I'd rather have push and conserve battery instead of having a battery outage daily.

All the other manufacturers will be doing the same as RIM. Gmail and MobileMe are doing it, Palm is still working on it. They'll have their outages.

Push is essential with mobile devices.

I love push "everything" but the outages have me seriously considering android as a replacement. Honestly, as soon as they come out with a super-thin touchscreen slider running android, I'm gone! Service outages and an archaic OS has pushed me to the limit.

A couple weeks ago I'd had a conversation where I mentioned a number of things about RIM that I was worried about:

1) what seemed to me to be an increased number of outages as compared to a couple of years ago,

2) The fact RIM is pushing Push services , web-signals, and cloud-based services. I know RIM would rather have cloud-based services since that means they don't have to open up more API's on the device. And any processing that happens on servers before being delivered to the device also makes it easier on the device. What concerns me is with outages people are left with smart phones that they can't use to their full potential. Not a good consumer experience.

Personally, I used to have to travel to areas out of cell range so any program that couldn't work on my device alone wasn't one I'd likely keep around or use much.

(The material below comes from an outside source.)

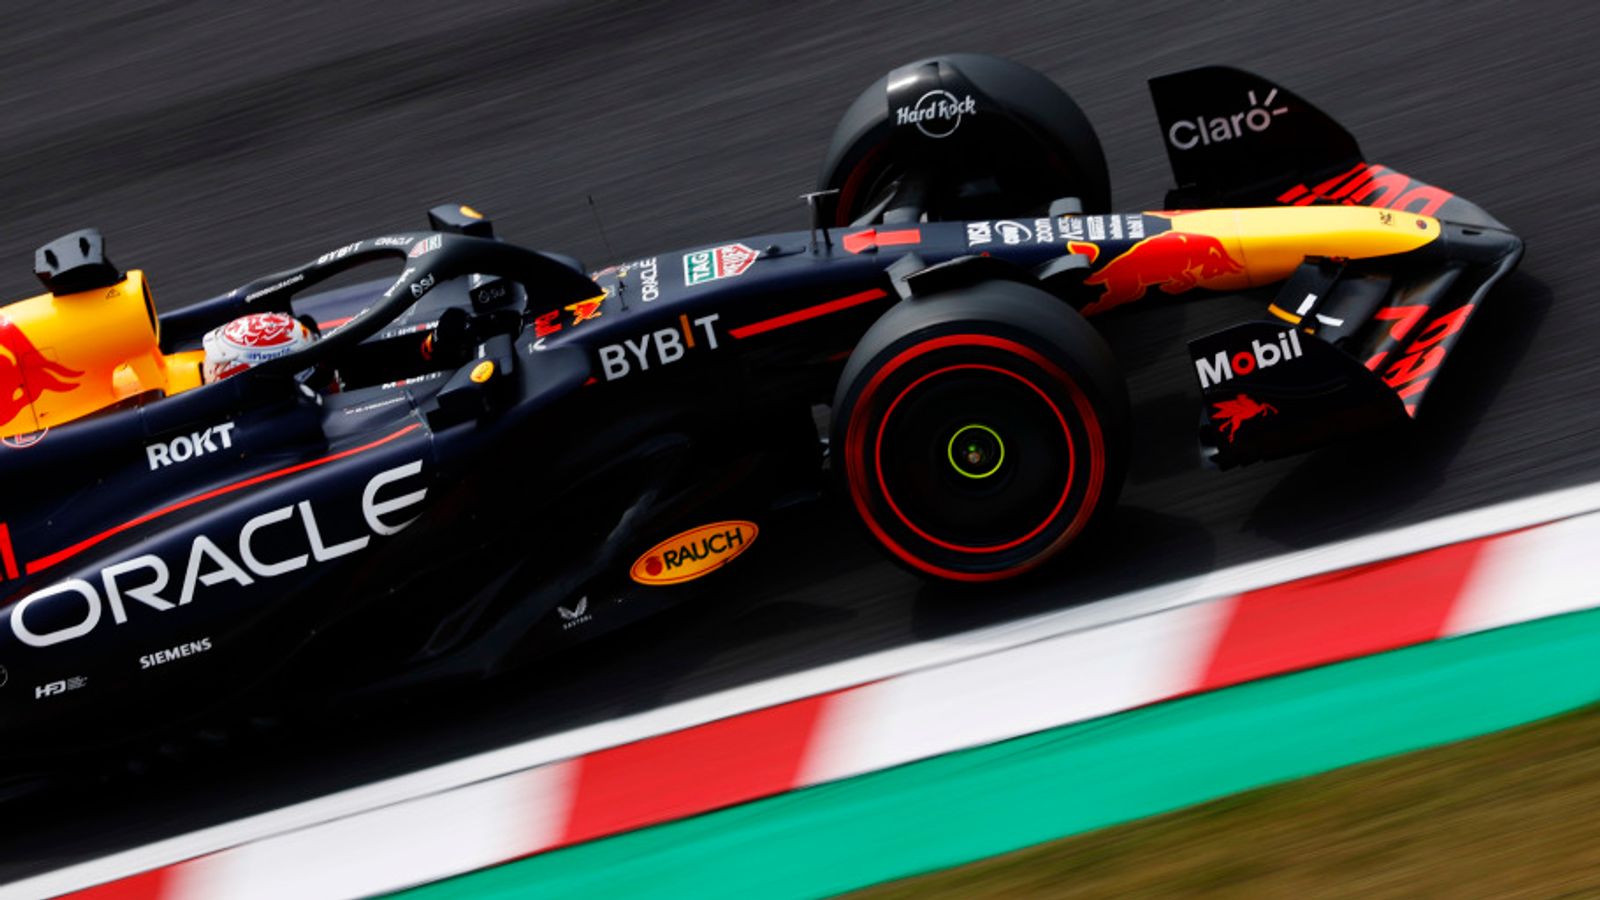 Max Verstappen leads final practice for the Japanese Grand Prix ahead of Sergio Perez

As nice as some of the push services are, people have little patience these days for things that don't work as intended 100% of the time, and it no doubt is driving some of them to leave RIM.

There is a major difference between RIM's "always on" services and the fake push offered by other companies. For RIM to switch to a phone that polls like the others it would mean abandoning everything that gives them their edge in the marketplace. Always on,security and data compression are areas that can't be matched by other manufacturers.

Every service and carrier saw major outages last year, yet only the outages by RIM have created this frothing madness that they are somehow behind the times.

Security for whom? I think people are missing the forest for the trees.

People should be concerned that RIM is one stop shopping for hackers or anybody who wants to see your 10 email account userids, passwords, email, and PIN messages. The EULA clearly states they will give out this information even based on requests from police, which is clearly a violation of constitutional law in many countries- that preempts due process of law. Apparently, with RIM you have not even the presumption of privacy.

Time for a wakeup call, folks.

Push email is a superior convenience, but it is not a superior solution. They could very easily have set up a polling implementation and native POP/IMAP/SMTP clients like other phones have, even if they recommended you use their service. Increasingly, smartphone sales will depend on informed consumers, and more importantly, freedom of choice.

While push probably is the best scenario for BES, it's clear for many reasons it has questionable value and significant downside for BIS users.